Likewise, they appealed to the Sudanese government “to take positive steps as a government, whose prime interest is the protection of lives and the respect of the dignity of its citizens, to sit and negotiate a just and peaceful settlement to the conflict.”

Warning that “war is not the best way of addressing grievances,” the prelates appealed to both sides in the conflict to sit at the negotiating table “to seek a just and peaceful solution to the situation.”

Both the MJE and the SLM, as well as the Sudanese government are called by the Bishops to “accept the invitation of the intermediaries to seek a peaceful settlement.”

“We also plead with the international community to avoid further discussion and compromise. We ask all concerned authorities to stop politicking. What is at stake are the lives of hundreds of thousands of innocent people…There is no room for further statements, discussions, or deliberation.
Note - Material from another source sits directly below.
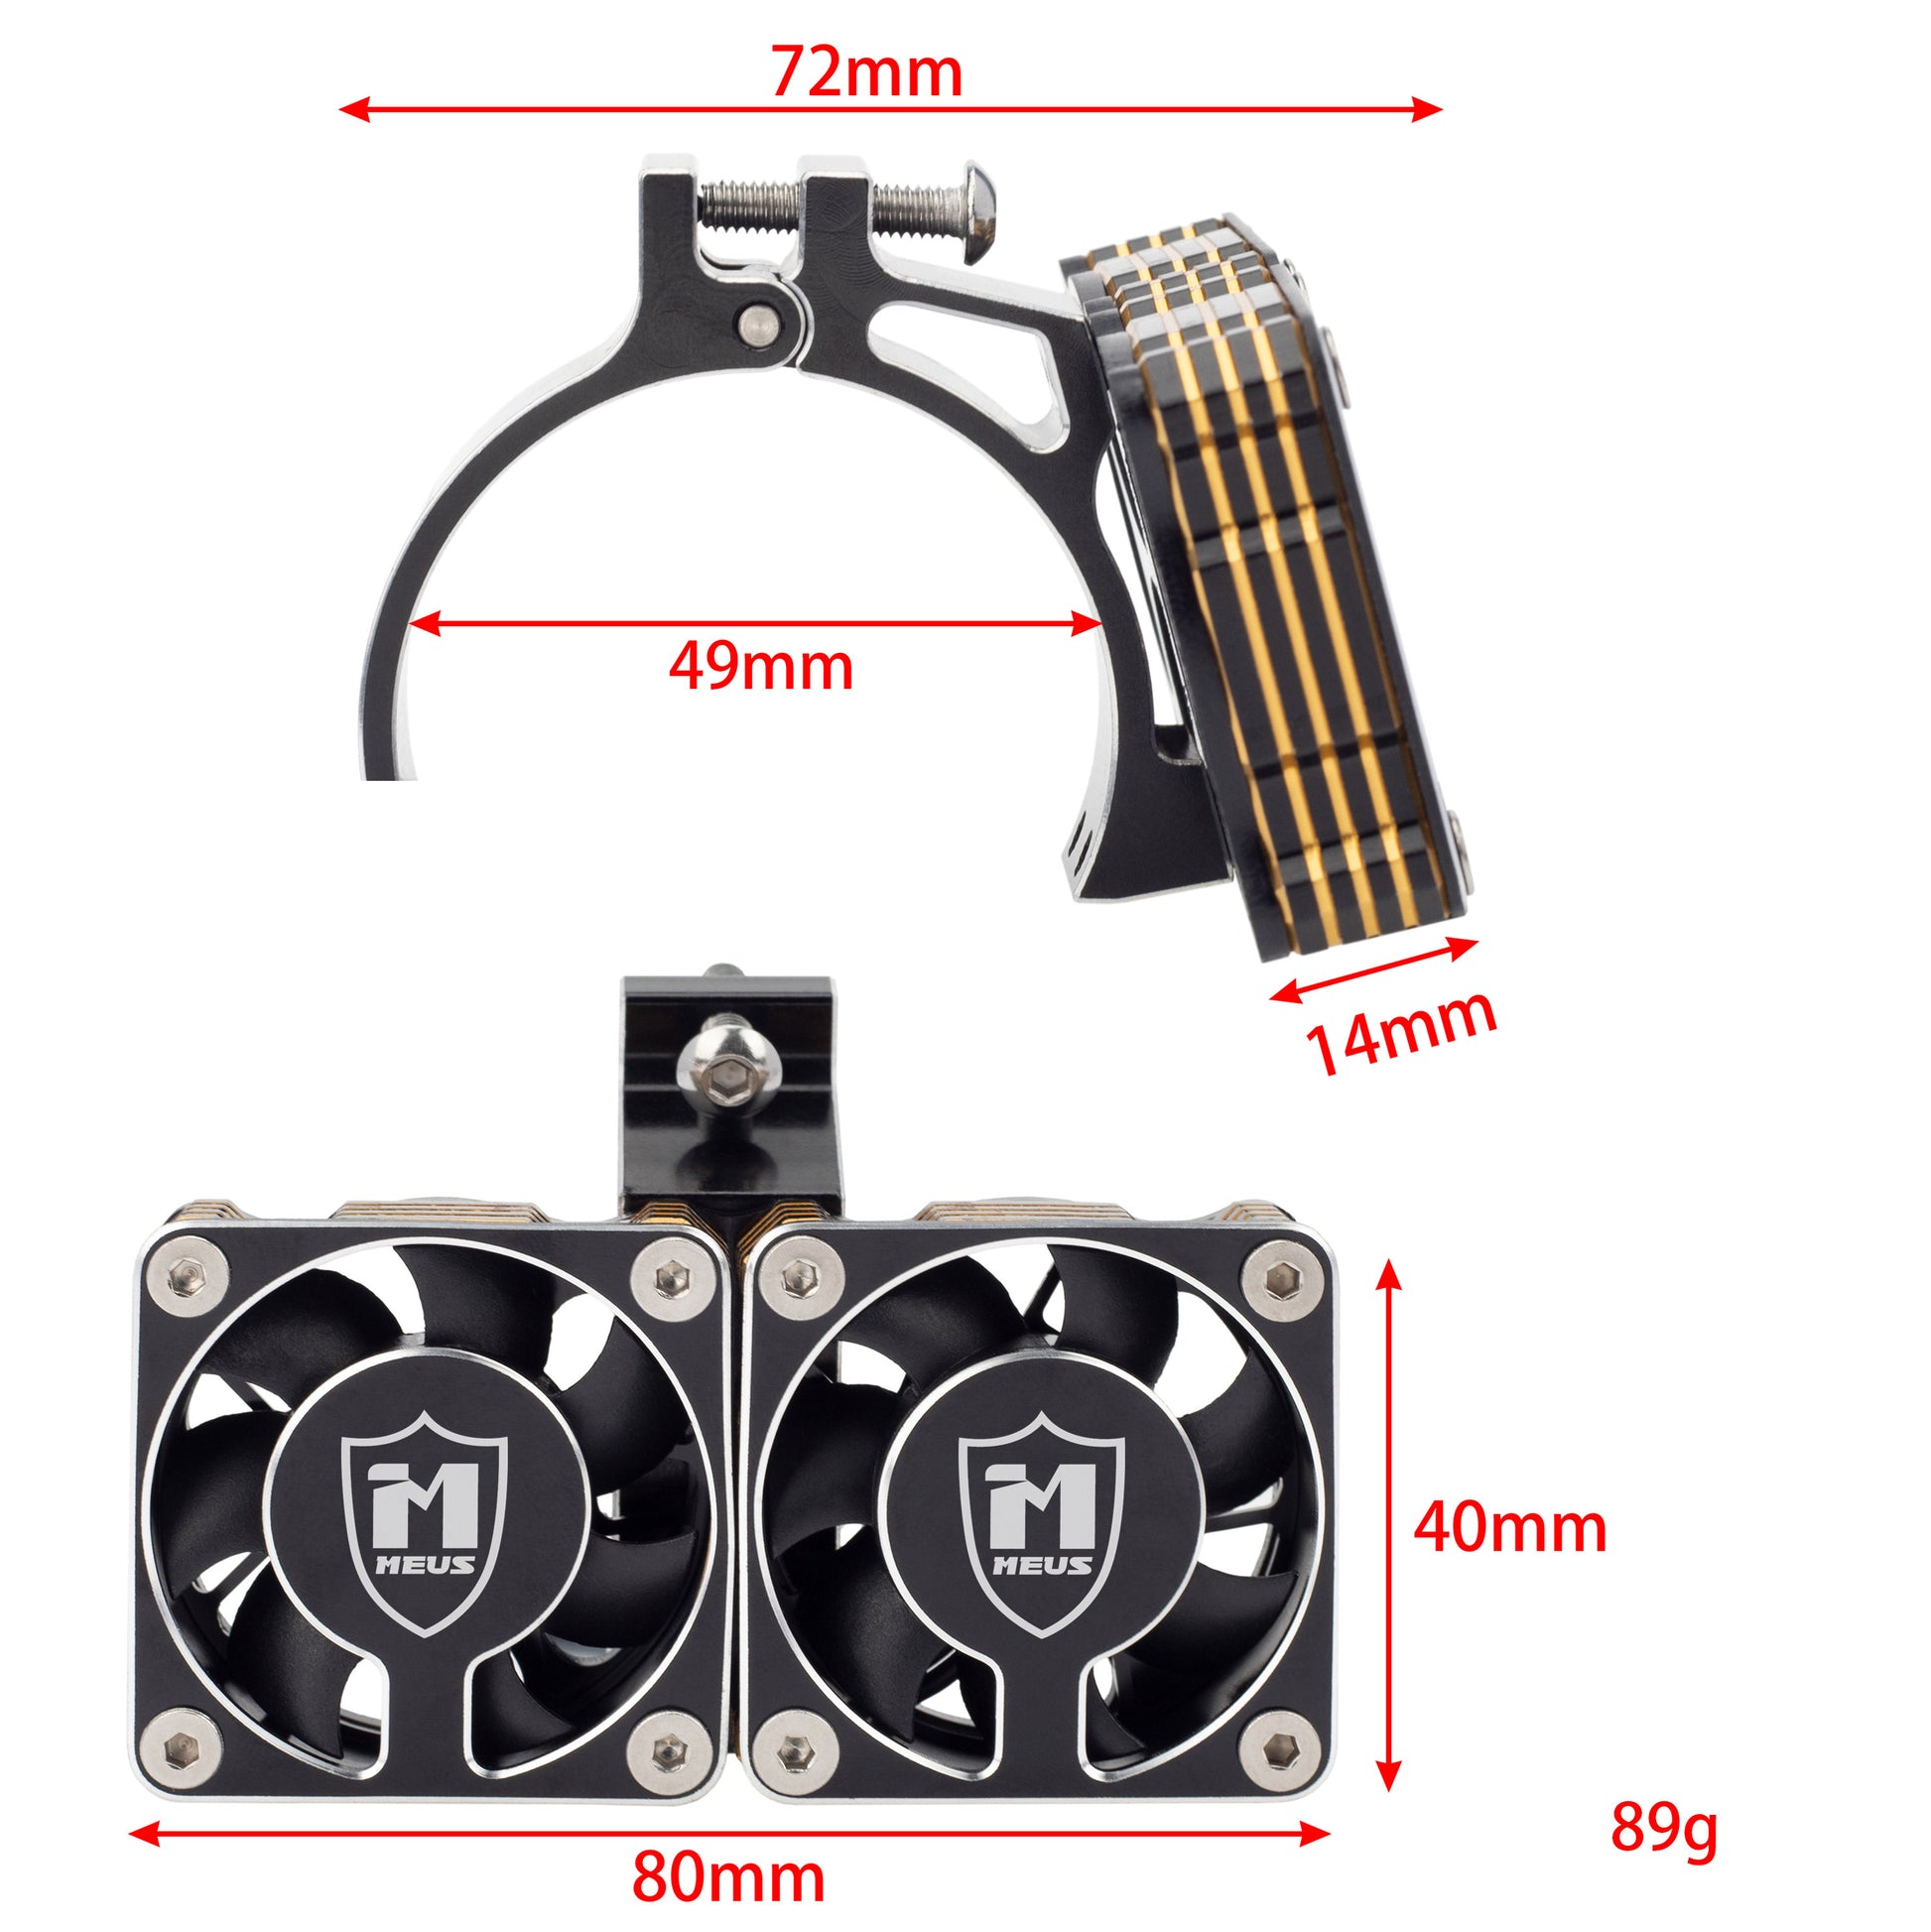  Black RC motor cooling fan heat sink size

This is a time for action to save innocent people,” they exhorted.

Appealing to the United Nations “to assume their responsibilities,” the Catholic prelates of Sudan said that the “holocaust of the African ethnicity in Darfur is ethnic cleansing.”

The United Nations’ “ultimatum” to the Sudanese government, to stop supporting the Janjaweed militias, expires on Monday. If Khartoum does not respect it, it is facing economic sanctions.

Meanwhile, peace talks continue in Abuja, Nigeria, between the government of Sudan and the two guerrilla movements in Darfur.

The St. Egidio Community, which has sent a delegation to the talks, is attending as an observer.